II. Function of KIR3DL1

KIR3DL1 is one of the most highly polymorphic members of the KIR family.4 As its name suggests this type I transmembrane receptor contains three extracellular Ig domains, termed D0 (membrane distal), D1 and D2 (membrane proximal). The D0 domain is a feature of 3D KIR and of type II 2D KIR (KIR2DL4, 2DL5, which contain a D0 and a D2 domain), while type I 2D KIR have a D1–D2 configuration. The cytoplasmic domain of KIR3DL1 contains two ITIM motifs (I/VxYxxL) that mediate its inhibitory function. Receptor engagement leads to phosphorylation of the ITIMs by members of the Src family kinases and the subsequent recruitment of protein tyrosine phosphatases SHP-1 and SHP-2.5 These phosphatases are believed to inhibit NK cell activity by the dephosphorylation of key substrates (including Vav-1, ZAP70, PLC-γ and LAT) activated by the engagement of activating NK cell receptors.
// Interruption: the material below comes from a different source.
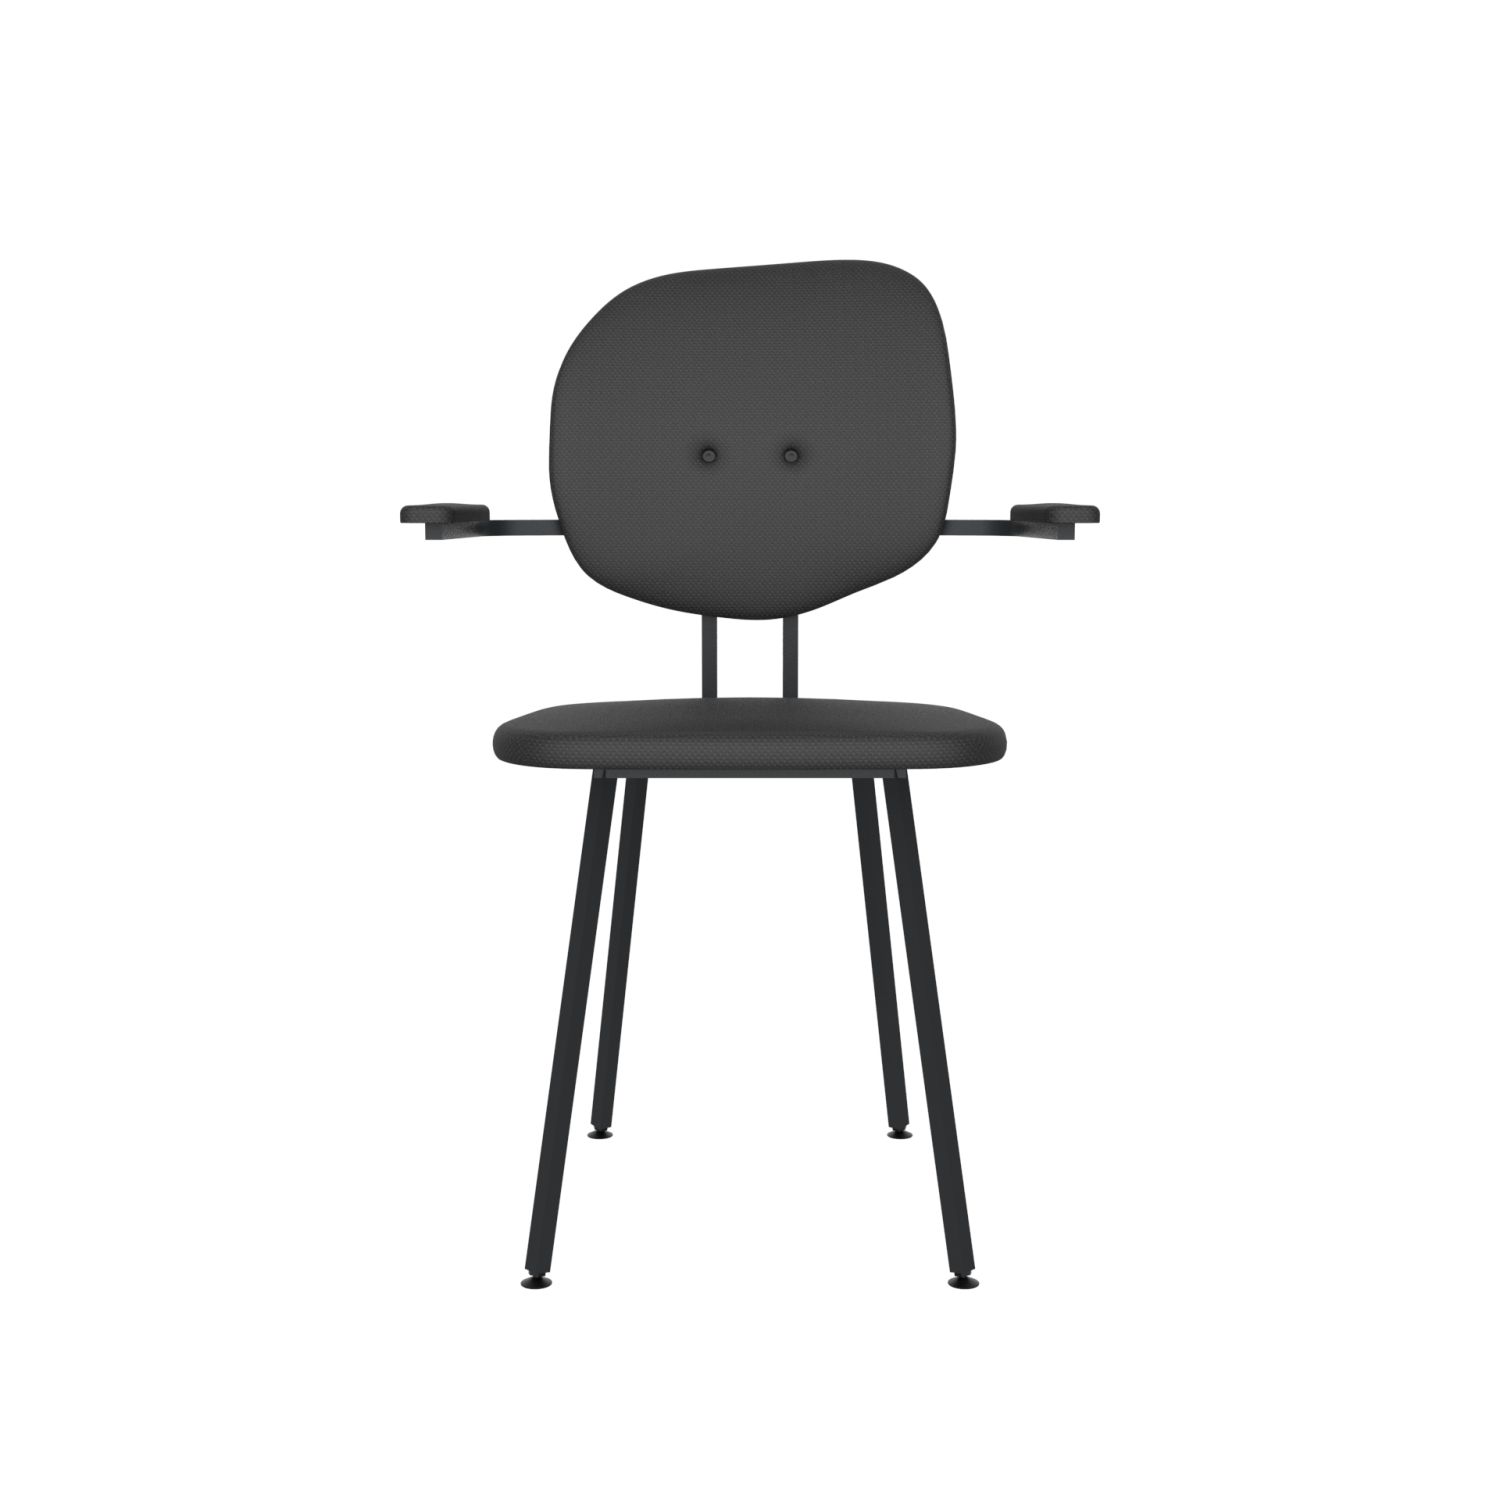 lensvelt maarten baas chair 102 not stackable with armrests backrest h havana black 090 black ral9005 hard leg ends

Engagement of inhibitory KIR leads to an inhibition of NK cell mediated cell cytotoxicity and cytokine production.6 The cytoplasmic tail of KIR3DL1 also contains targets for serine/threonine kinases, which influence the level of KIR3DL1 surface expression via control of receptor internalization, turnover and recycling.7, 8 In contrast, engagement of activating KIR leads to signaling downstream of DAP12, including activation of PLC-γ1, Syk/ZAP70, MAP kinases and calcium mobilization.9 This in turn leads to activation of NK cell cytotoxicity and IFN-γ production.

KIR3DL1 expression on NK cells is expected to inhibit the lysis of target cells bearing its HLA-Bw4 ligand at steady state. The loss of this inhibitory signal, through the loss or alteration of class I expression during infection or transformation, would then lead to the activation of NK cells that depend on KIR3DL1 engagement to prevent their activation. As a consequence, NK cell-mediated killing would eliminate the affected target and the NK cell would produce pro-inflammatory cytokines including IFN-γ to rally the subsequent immune response. In addition to this role in mature NK cells, the KIR3DL1-HLA interaction is involved in the process by which developing NK cells acquire full functional capacity, in a process termed licensing or education. Current models suggest that as NK cells develop, they acquire a variety of HLA specific receptors in a random, variegated fashion, largely independent of the presence of the corresponding HLA ligands. Thus the potential arises for NK cells to develop that lack any receptor that would prevent self-recognition and activation. While we have come to appreciate that these NK cell subsets do exist, they are hyporesponsive (in the absence of cytokine stimulation).10 Accordingly, studies have shown that in donors expressing HLA-Bw4, a greater portion of KIR3DL1+ NK cells are fully functionally competent than NK cells that lack KIR3DL1 expression.11, 12

In addition to their expression on NK cells, KIR are also expressed on generally small portions of T cell populations including γδ T cells, CD4+ T cells and CD8+ T cells. Although the function of KIR on T cells is much less well understood, it has been reported that KIR ligation can inhibit the cytolytic ability, cytokine production and proliferation of T cells.13, 14, 15 In addition to this inhibition of effector function, KIR3DL1 expression on T cells can protect these cells from activation-induced cell death following stimulation, at least in part by preventing the up-regulation of Fas ligand.16 These findings raise the possibility that preservation of T cell populations under inflammatory conditions may be a key role for KIR although clearly much more work on the regulation of T cells by KIR is needed.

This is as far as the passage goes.